No-one likes to speak ill of the referee because their job is hard enough as it is without the pressures of criticism. But the frequency with which these schoolboy errors are being made is getting out of hand.

A comment by Manchester United’s Sir Alex Ferguson after the Chelsea game on Sunday highlighted the way I have felt about referees for some time now.

What really killed my faith was the World Cup in 2006. There were more highlights in the officials’ gaffe column than there were on the playing field.

At that moment I turned away from the sport in disgust, an appetite spoilt by a poor assistant chef. But the artistry of players such as Thierry Henry, Lionel Messi, Cristiano Ronaldo and Andrei Arshavin, to mention but  a few, makes you want to believe.

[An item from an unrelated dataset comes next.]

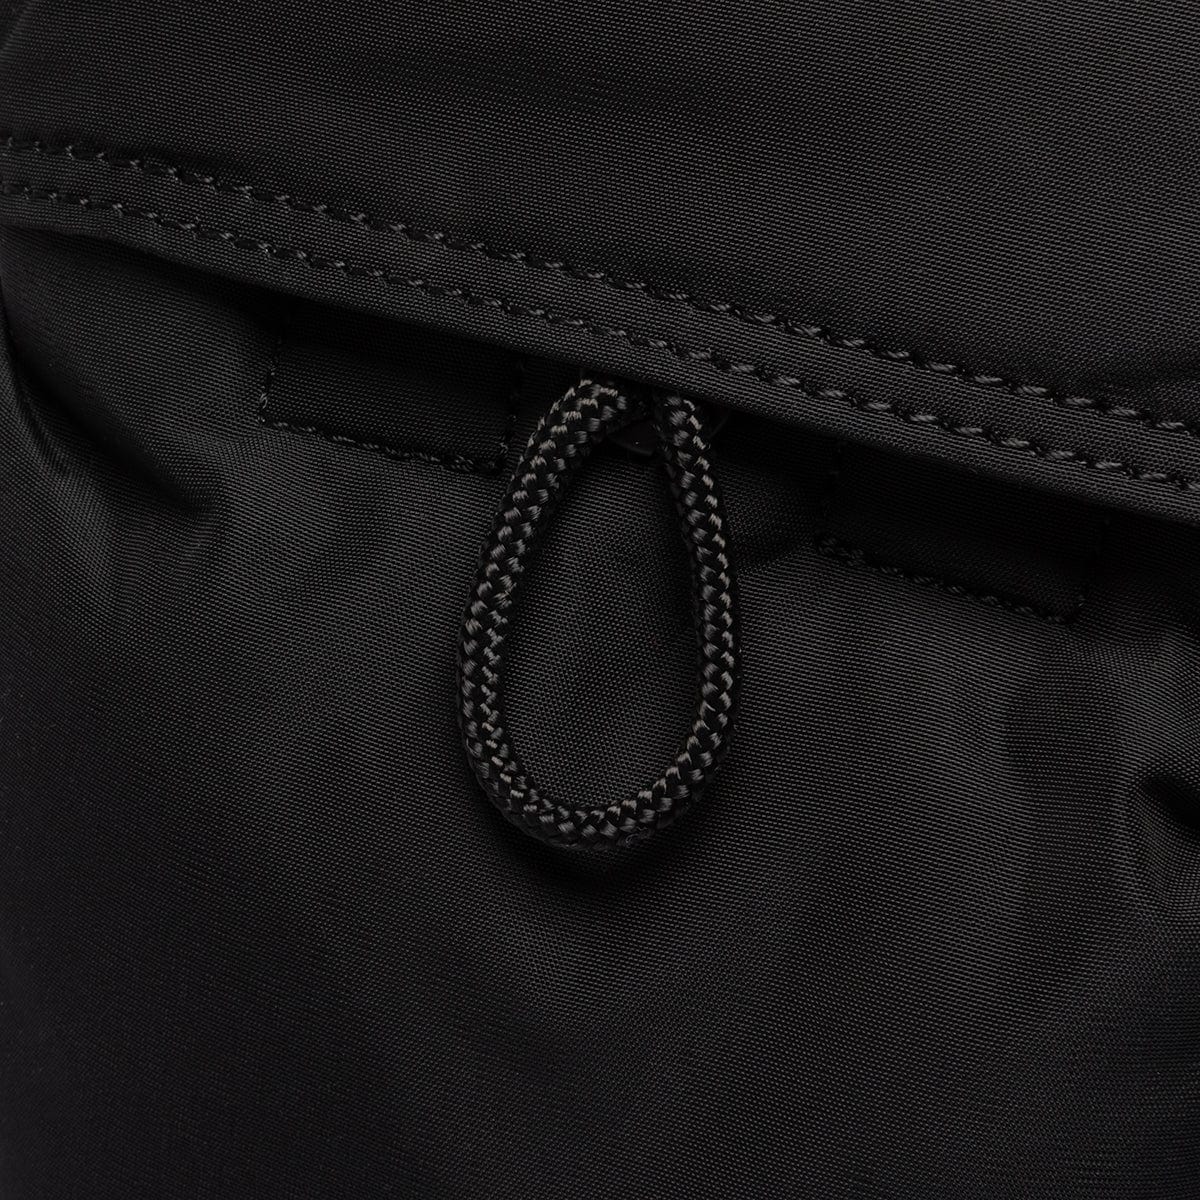 PORTER YOSHIDA & CO Accessories - Bags BLACK / O/S SENSES VERTICAL SHOULDER BAG

That it can all be stolen by a horror decision is sickening.

In an age where defeat means a lot more for a wider range of people than before, you would think the officials would get it correct more often than not.

The argument for technology, or at best more assistants, is there for all to see. But FIFA, in its arrogant wisdom, continues to make a laughing stock of the beautiful game.

And then there is a holy grail they call technology that football’s governing body seems to treat like swine flu.

They don’t want to know, and some even put forth the misguided assertion that these contentious decisions make for good drama. But drama is life with the boring bits cut out, and of late we have been having more drama than life.

We spend so much time talking about the mistakes being made by refs that we have forgotten about the game altogether.

It's like a new phenomenon in entertainment where the man behind the scenes is becoming a bigger factor than the actor. It’s the case of the lighting assistant becoming the star of the show.

Players and managers only losing faith in the referees now? Mine was lost a while back!